My Spanish version is still in shrink rap, you can have it if you pay for the shipping.  

But on the other hand you can download a PDF copy at 
http://www.powershot.com/powershot2/customer/pdf/EOS_10D_E.pdf


----------



## oriecat (Mar 11, 2004)

_Read the Manual!_  Tip# 96 from Practical Photography's 101 Ways to Better Photos!

Yes, I'm just spammin' for my website.


----------



## ksmattfish (Mar 11, 2004)

I don't know much about the 10D, except that it's digital (and doesn't that mean that you could shoot away endlessly until you get a feel for flash photography?), so my first question is are you using a real flash or the puny little wimpy flash that they like to build into SLRs these days?  As you might be able to tell, I don't have much confidence in the pop-up flashes.  I think of them sort of like the little do-nut spare tire; nice in an emergency, but not what you want to drive on everyday.

Whatever flash you are using, it has a "guide number".  The guide number is listed in either ISO 100/ft. or ISO 100/meters, whatever you're more comfy with.  If you don't have the flash manual, then get it off the manufacturer's website.  

GN divided by flash to subject distance (in feet or meters) equals aperture for "correct" exposure (at ISO 100).

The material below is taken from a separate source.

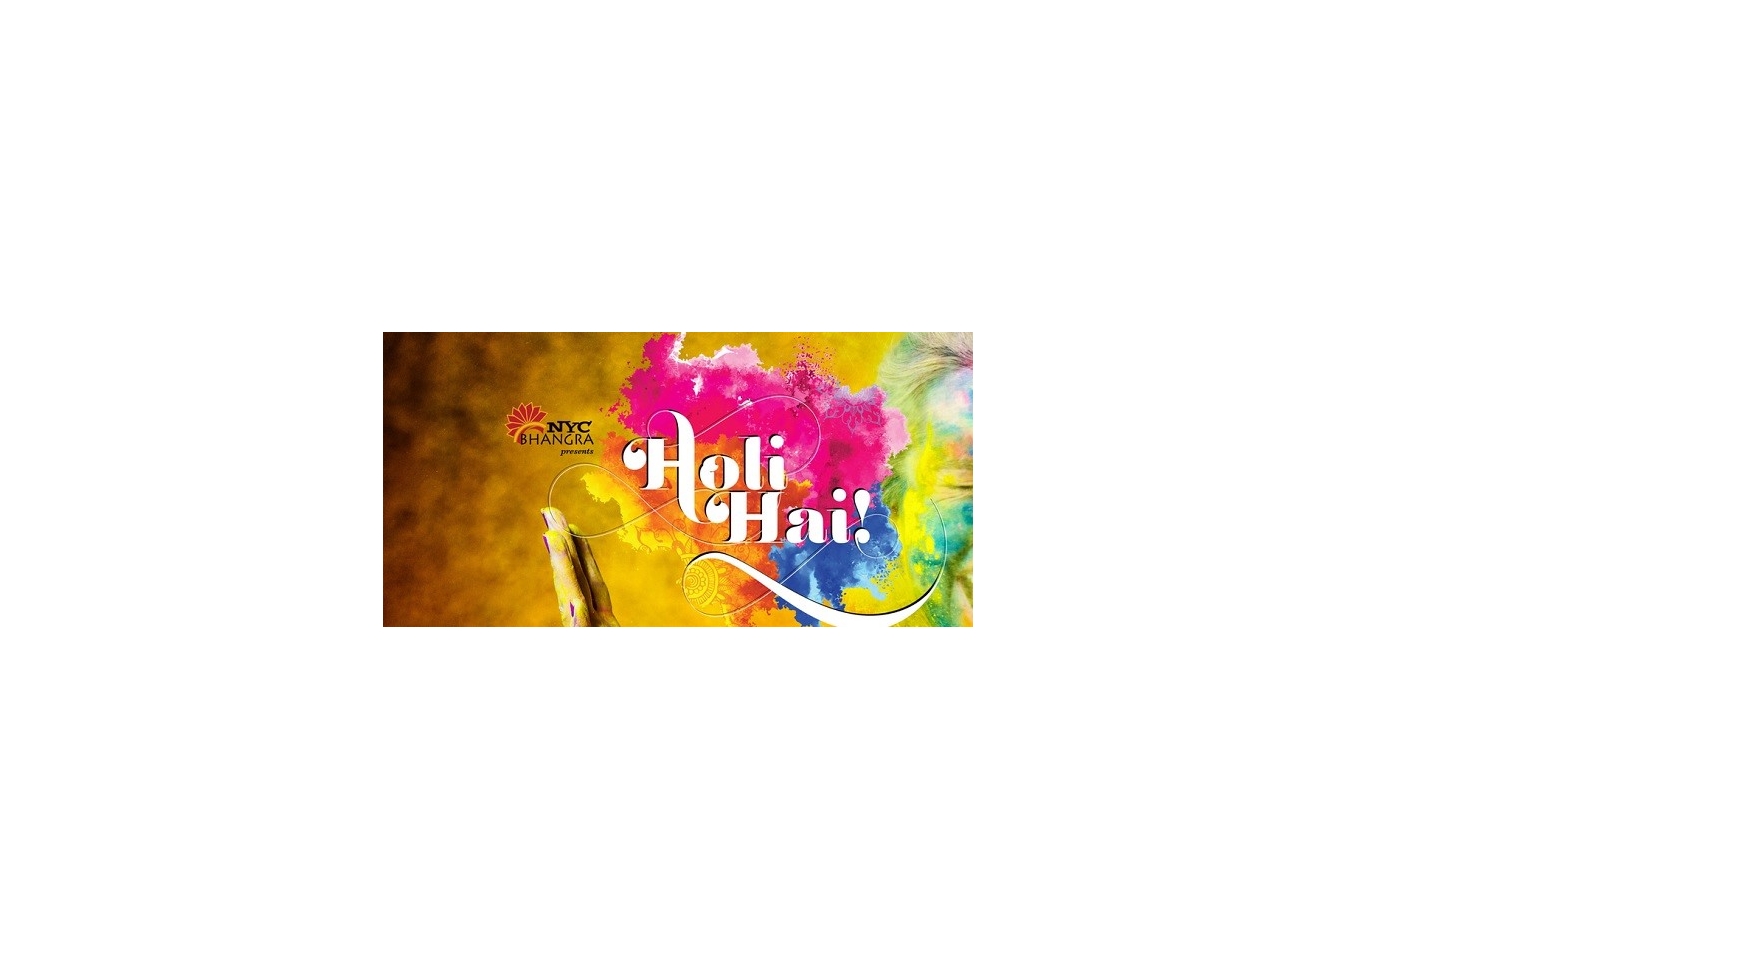 NYC HOLI HAI 2018 - Largest Festival of Colors by NYC Bhangra Buy Tickets Online | New York , Sat , 2018-05-12 | ThisisShow

So if your GN is 80 (ISO 100/ft) and your flash to subject distance is 20 ft. then the correct aperture would be f/4.  If you are using ISO 400 it would be f/8.  If your subject is 5 ft away (at ISO 100) then f/16.

Some folks like to underexpose the fill flash by a stop or so, compared to the background.  Some folks like to do it the other way (background under exposed a stop or so, compared to subject exposure).  Try them both out; each one gives a different look to the image.  You got that fancy 10D, embrace the power of digital and practice, practice, practice!!!


----------



## Chase (Mar 11, 2004)

photogoddess said:
			
		

> Wow! When I first saw the title to this thread I had an overwhelming desire to head off to the Mardi Gras.   :badangel:



 :shock:  :shock:  :shock:  :shock:  :shock:  :shock:  :shock:  :shock:


----------



## photogoddess (Mar 11, 2004)

I want my beads!  :cheer:


----------



## MDowdey (Mar 11, 2004)

photogoddess said:
			
		

> I want my beads!  :cheer:



i love you.

md


----------



## ksmattfish (Mar 11, 2004)

I should have added that it's important to test the accuracy of what the manufacturer says is the GN.  Many times I find that the flash doesn't quite perform up to the manufacturer's claims.

Don't expect miracles from you flash.  Beyond 20' to 25' you are pushing the limits of lighting ability of most consumer flashes.  Even though the manual and GN suggest that flash photography out to 60' or 70' is totally possible, reality is often less practical.

I always use a flash when it's very dark and when it's very bright.  The dark is obvious.  I use the flash in the bright daylight to eliminate dark shadows.  Both film and digital will capture much greater contrast than it appears to your eye.  You have no problem seeing Uncle Bob's eyes under his baseball cap, but the pics turn out with an almost solid black shadow on his face.  I turn folks so that the sun is behind and off to one side of them using it as sort of a hairlight, and then use the flash to light the face/body.


----------



## terri (Mar 12, 2004)

I love Mr. Nagy because of his ability to get a serious answer while enticing our slutty minds into the gutter - all in one thread.  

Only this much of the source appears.